Imaginem uma barragem com 1,4 vezes a altura do Elevador Lacerda (86m) e 12.700.000 m³ de lama tóxica se rompendo e arrastando mais duas. Até agora foram contados 350 cadáveres e desaparecidos, metade do rio Paraopeba enlameado ameaçando contaminar o São Francisco. Centenas de famílias perderam casas e lavouras, milhões de peixes e animais morreram. E isso depois de três anos da catástrofe de Mariana, que matou o Rio Doce e 19 pessoas. Até agora a Samarco/Vale só pagou 6% dos R$250 milhões de multas do IBAMA e não entregou nenhuma casa aos desalojados.

Existem no país cerca de 23.000 barragens de gravidade de terra ou enrocamento com um núcleo de argila compactada, taludes internos e externos revestidos e rede de drenos para controle de eventual erosão destinadas à geração de energia, abastecimento de água e irrigação. São barragens calculadas e seguras. Existem também barragens de concreto com contrafortes ou abóbadas que obedecem a outras engenharias.

Mas existem cerca 839 barragens improvisadas de mineração no país e apenas 425 se enquadram no Programa Nacional de Segurança de Barragens, 200 delas de alto risco. Cerca de 51% estão em Minas, 16% no Pará e o restante em outros estados. Dentre essas estão 88 barragens de alteamento por sucessivos depósitos de rejeitos sobre a lama viscosa de seus bordos. Cortinas de cascalho e lodo condenadas em todo mundo. Mariana e Brumadinho eram desse tipo e existem mais 47 em Minas. Os vídeos mostram que Brumadinho não ruiu por transbordamento, mas por colapso de sua base. Fotos e depoimentos de técnicos provam que ela estava fissurada, encharcada e minando e a Vale foi advertida e não adotou providências.

Quando o comandante bêbado do superpetroleiro Exxon Valdez derramou 36 mil toneladas de petróleo nas praias do Alasca, em 1989, matando milhões de aves e peixes, mas nenhum humano, o governo dos EUA multou a empresa em US$ 507 milhões. Em 2010, uma plataforma de petróleo da British Petroleum explodiu no Golfo do México matando 11 técnicos, ferindo 17, e sangrando durante três meses. Devido ao desleixo, o governo dos EUA aplicou multa de US$ 20,8 bilhões ou R$ 69,7 bilhões à BP. A promotora-geral dos EUA, Loretta Lynch, disse que era uma resposta forte e apropriada.

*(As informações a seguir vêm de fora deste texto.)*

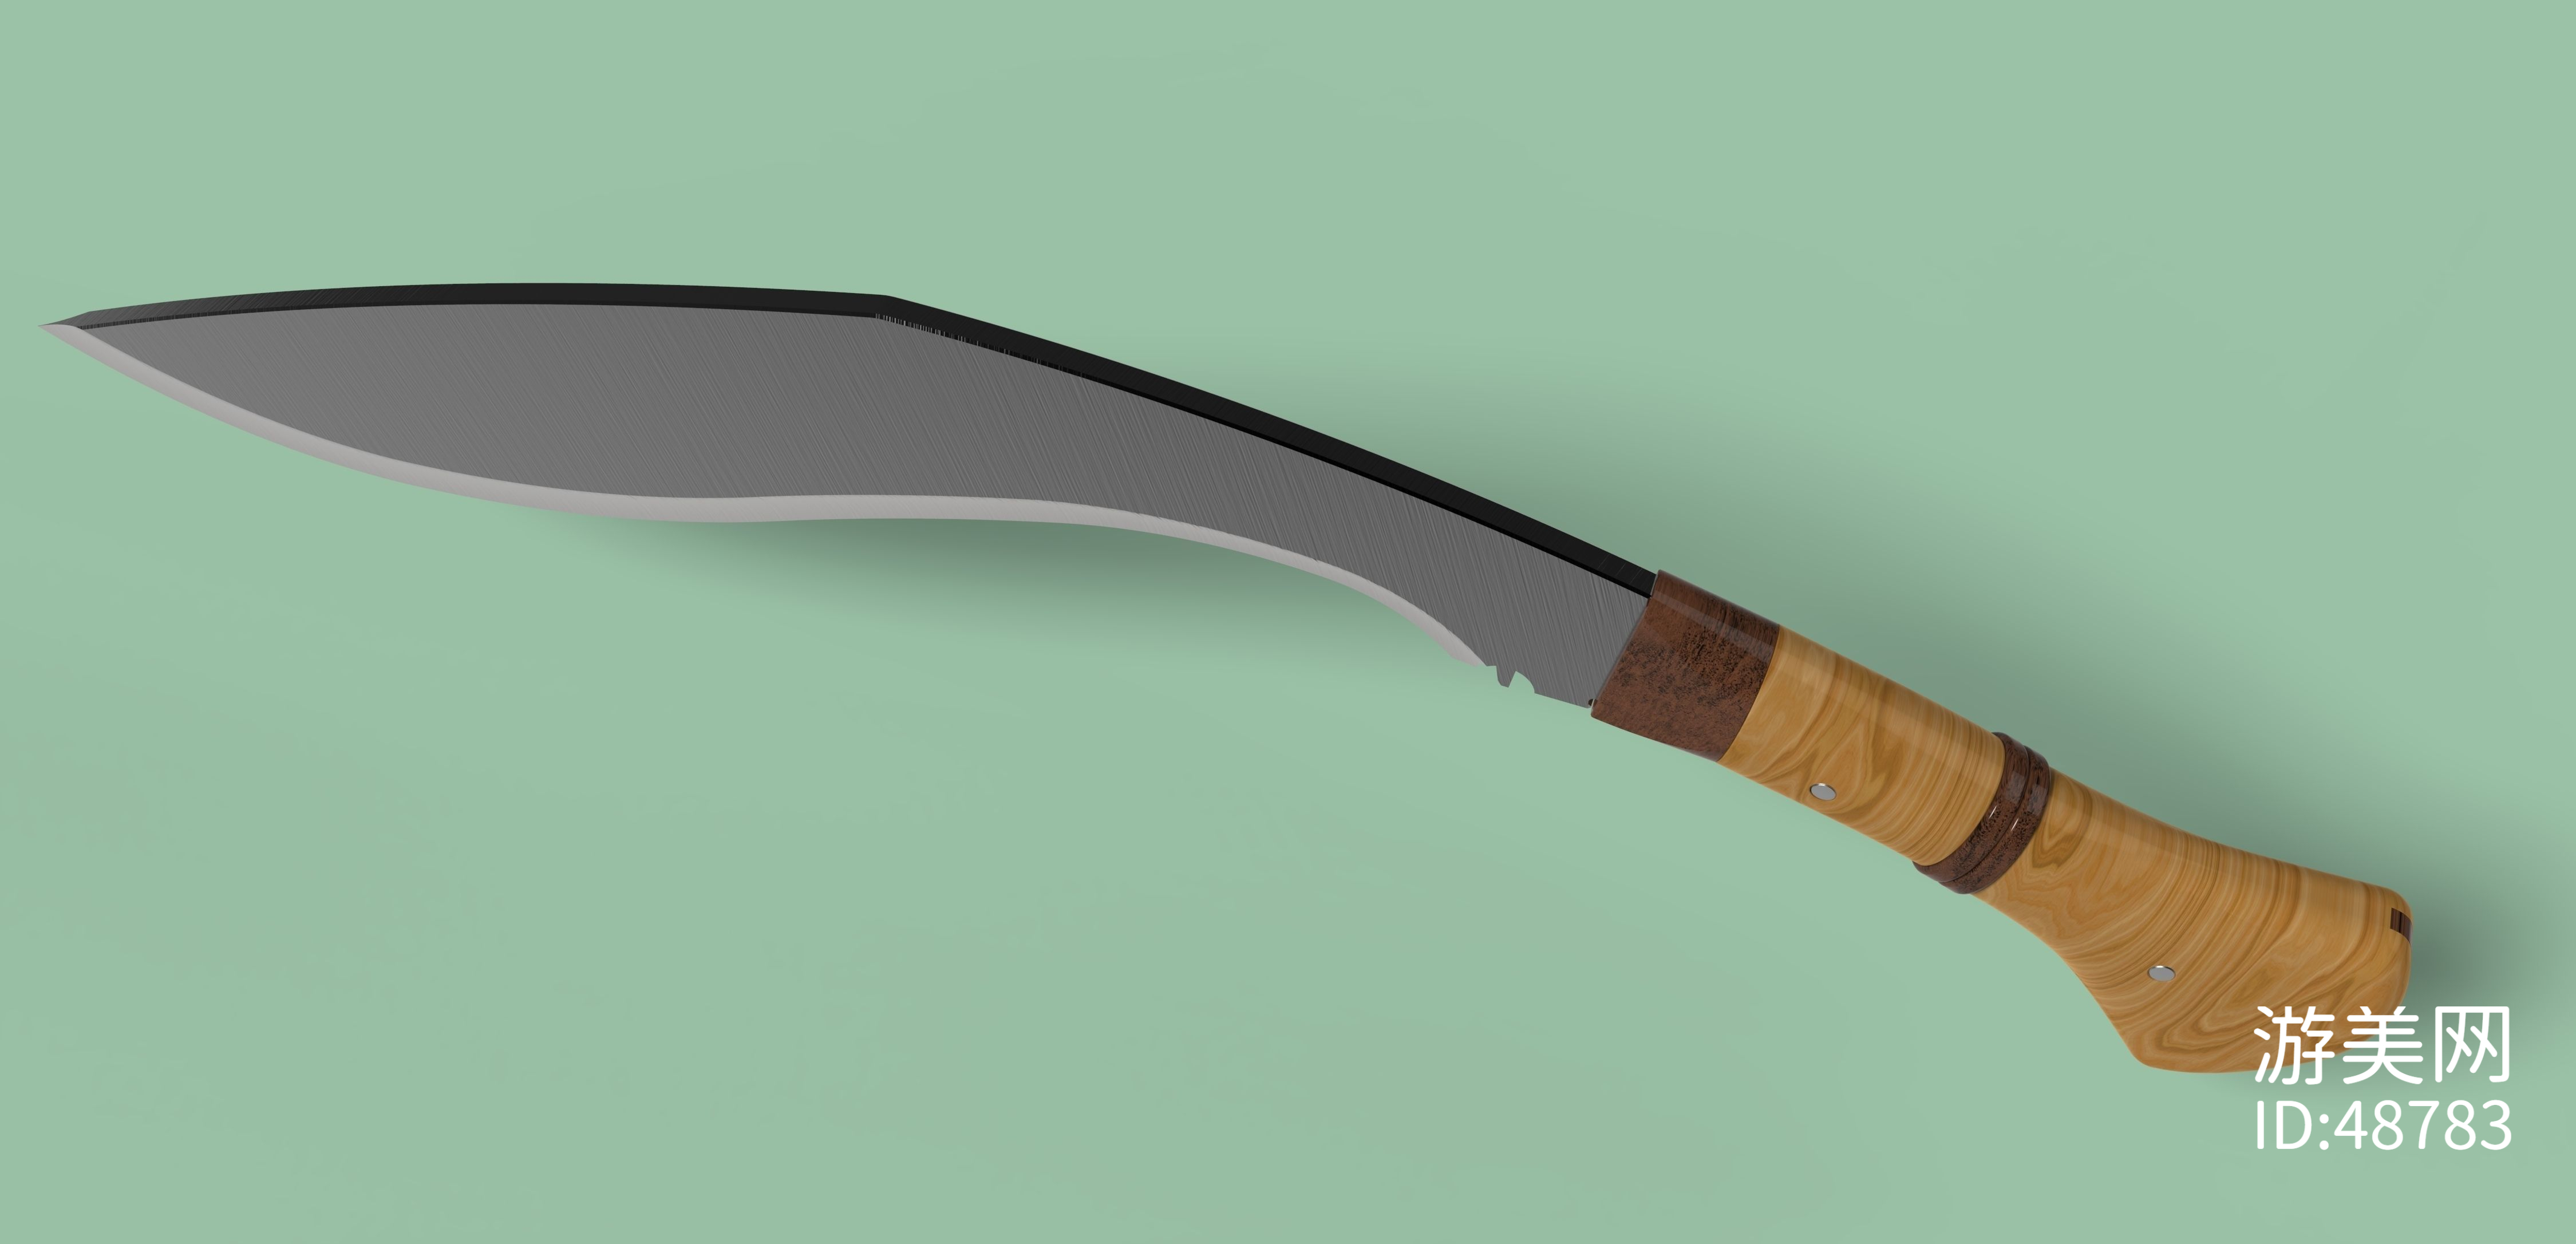 给现代大马士革刀工艺换个古名儿，你觉得哪个更合适？

Em Brumadinho, o IBAMA, aplicou uma multa complacente de R$ 250 milhões, a mesma de Mariana (não paga) e o Estado de Minas promete outra de R$ 99 milhões. Mas não bastam multas, é preciso afastar e julgar seus diretores coniventes. O ministro Lorenzoni, chefe do Gabinete de Crise, contrariando o Vice-Presidente em exercício, afirmou que o afastamento da diretoria reincidente da Vale “não seria uma boa sinalização para o mercado”. As bolsas comemoram, enquanto a natureza e centenas de famílias choram, adoecem e não dormem!